Eu existo dentro das memórias que guardei. Ainda consigo vislumbrar com o instante como se fosse hoje. O vento ainda era brisa no quintal e ela aconteceu.
Os dias voaram no calendário para além do tempo. Não consigo dizer se parte das minhas memórias sejam lembranças de fato, ou se no relance da vontade eu a criei no interior de minha mente.
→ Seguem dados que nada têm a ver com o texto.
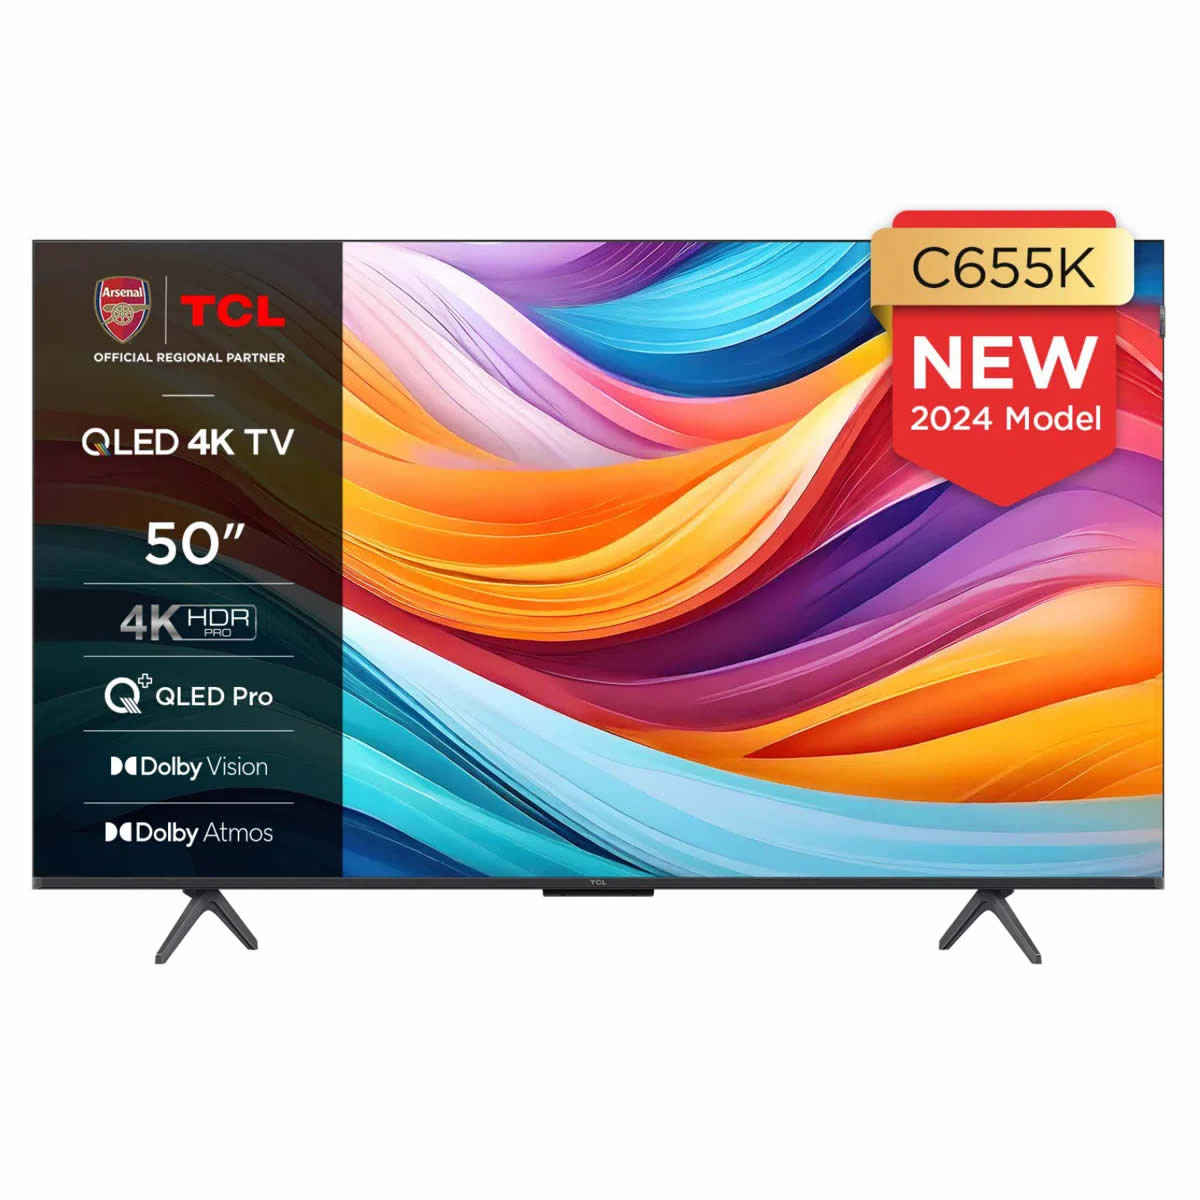 TCL 50inch 4K QLED PRO SMART TV WiFi Freeview HD Google

Parece o mar mas é o céu. A rotina, Mariana, tem feito me esquivar da beleza, interromper soluços que fantasio para pensar em mapas e conceitos e mais mapas, tem também me feito entrar devagarinho nos lugares como quem evita fazer golos de impedimento. Tenho estado (Tiago gosta quanto falo assim), logo, tenho estado abstrata, azulada e voadora como os personagens de Chagall. Hoje precisava trabalhar tanto e a poesia a me fazer muito mal, porque me força buscar metáforas para dizer o que se resolveria de chofre, o que me faz um bicho prolixo e esquisito. Ontem pintei a lápis de cor. Precisava voltar ao hábito de colorir (colorir é como varrer, percebes, Mariana? Se não, me pergunte de onde tirei essa ideia). Houve uma época em que pintei minúsculas marinhas, é tão fácil pintar marinhas, mas o azul me incomoda um pouco, porque sinto um frio quando uso azul tanto na pele, quanto no ver e tocar. Já contei que, quando pequena, não suportava ter unhas? Achava que elas atrapalhavam e apertava contra as palmas para não sentir, aí que as sentia mais… São tão bobas as crianças pequenas que morro de ternura por elas. Ainda hoje acho que poderia bem viver sem unhas. O azul, a poesia e as unhas me atrapalham, mas são coisas que existem e não posso fazer nada contra a existência delas.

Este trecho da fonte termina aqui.